> **PROBLEM TO SOLVE**:
Write every line below out again, exactly as given, but leave out the pictures.

> **PROVIDED MATERIAL**:

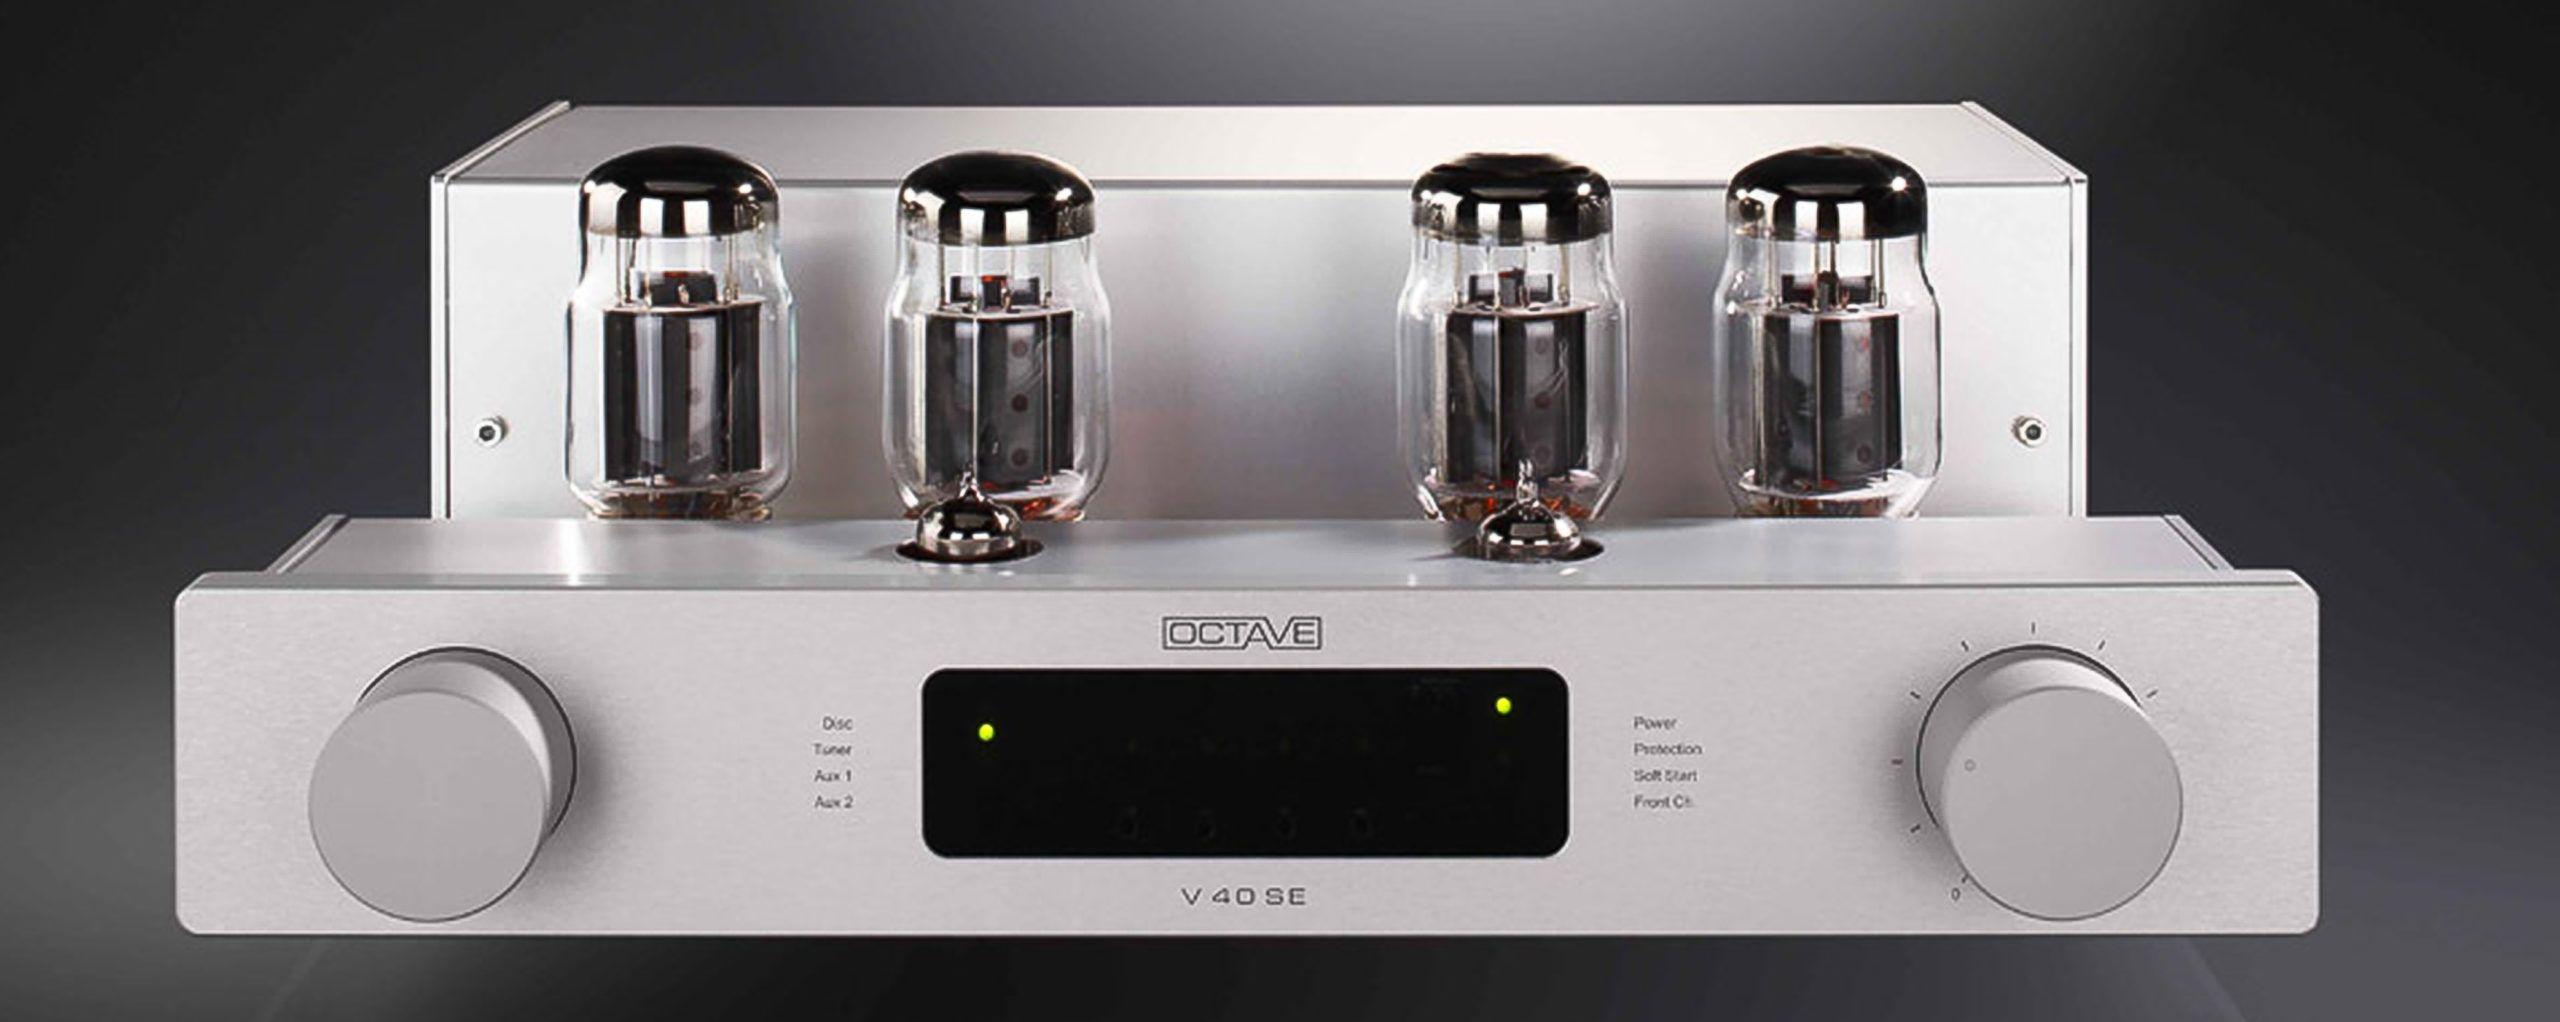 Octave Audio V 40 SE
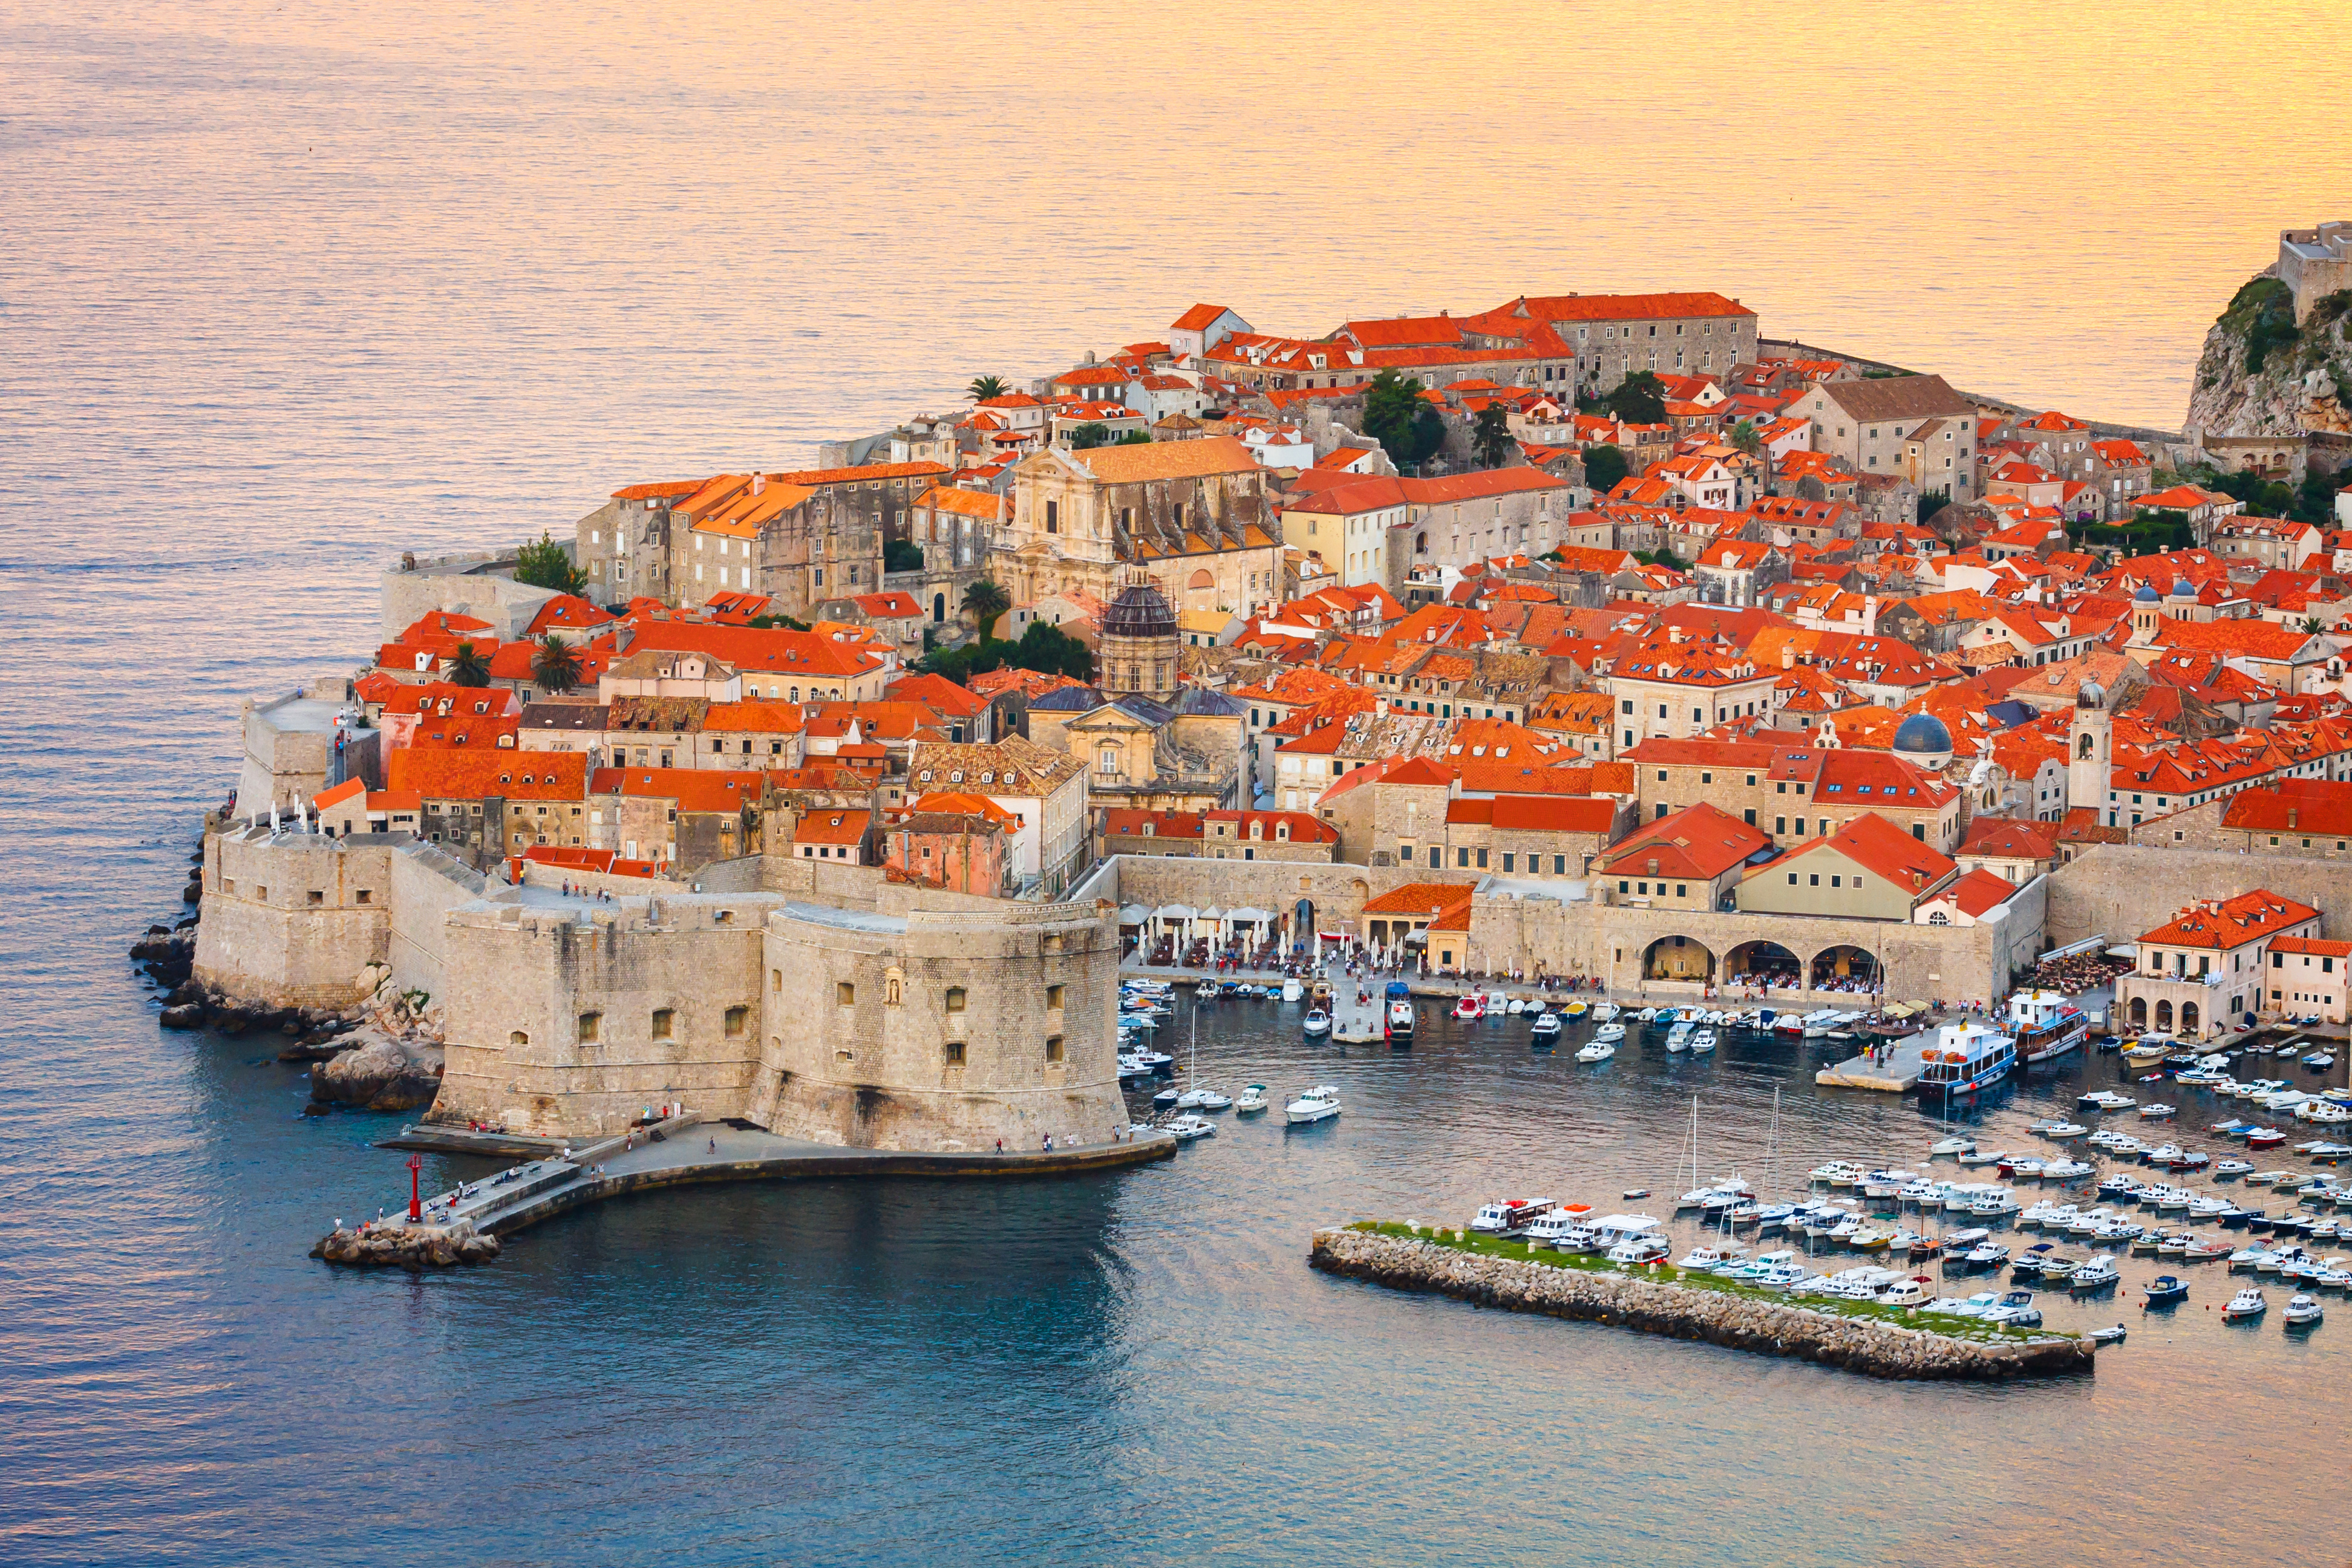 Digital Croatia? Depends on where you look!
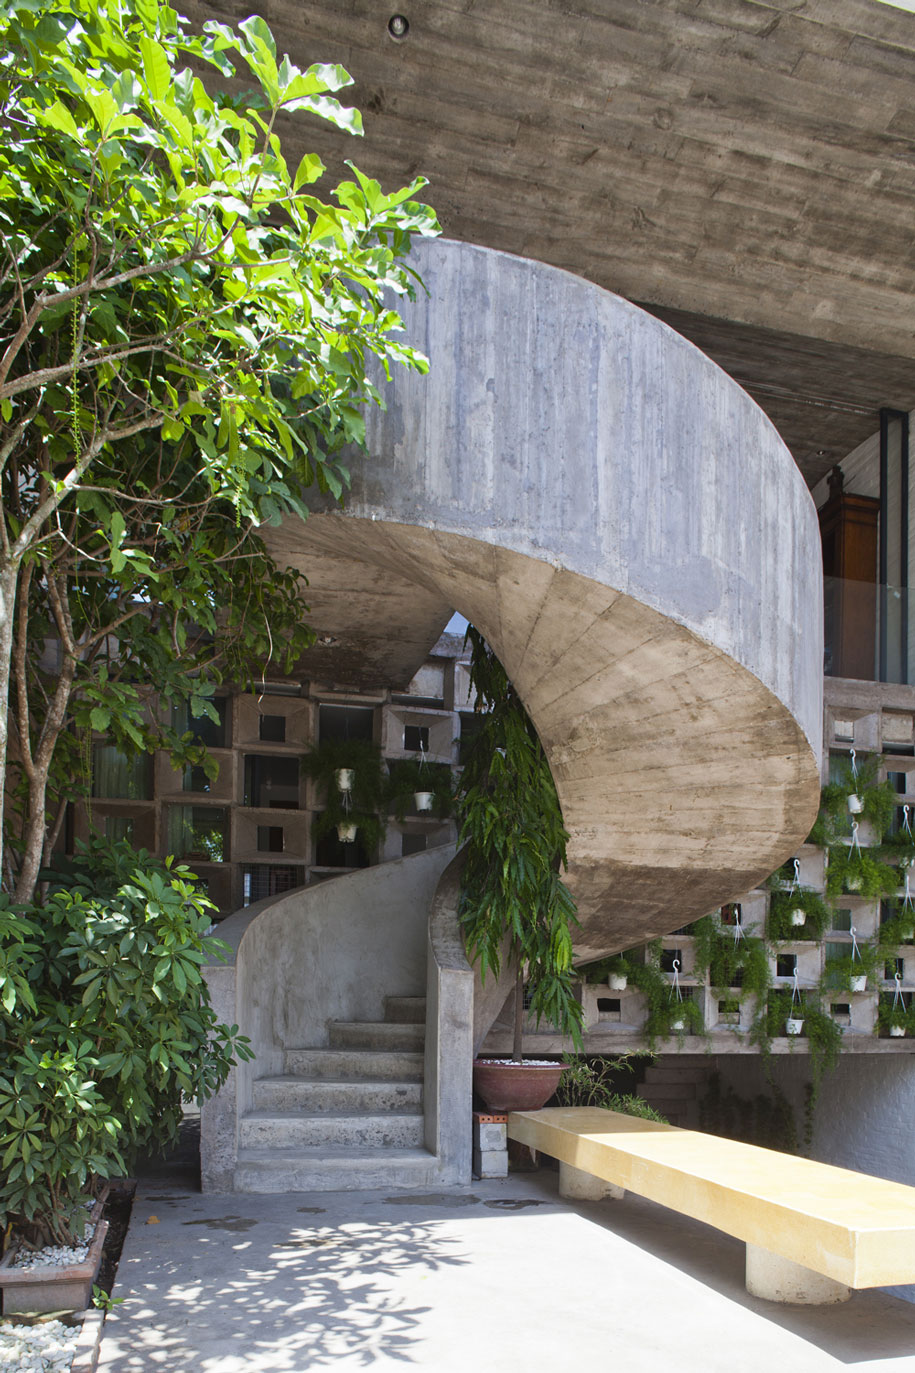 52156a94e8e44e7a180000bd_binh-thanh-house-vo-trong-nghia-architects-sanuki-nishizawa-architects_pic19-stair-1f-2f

> **SOLUTION TO THIS EXERCISE**:
 Octave Audio V 40 SE
 Digital Croatia? Depends on where you look!
 52156a94e8e44e7a180000bd_binh-thanh-house-vo-trong-nghia-architects-sanuki-nishizawa-architects_pic19-stair-1f-2f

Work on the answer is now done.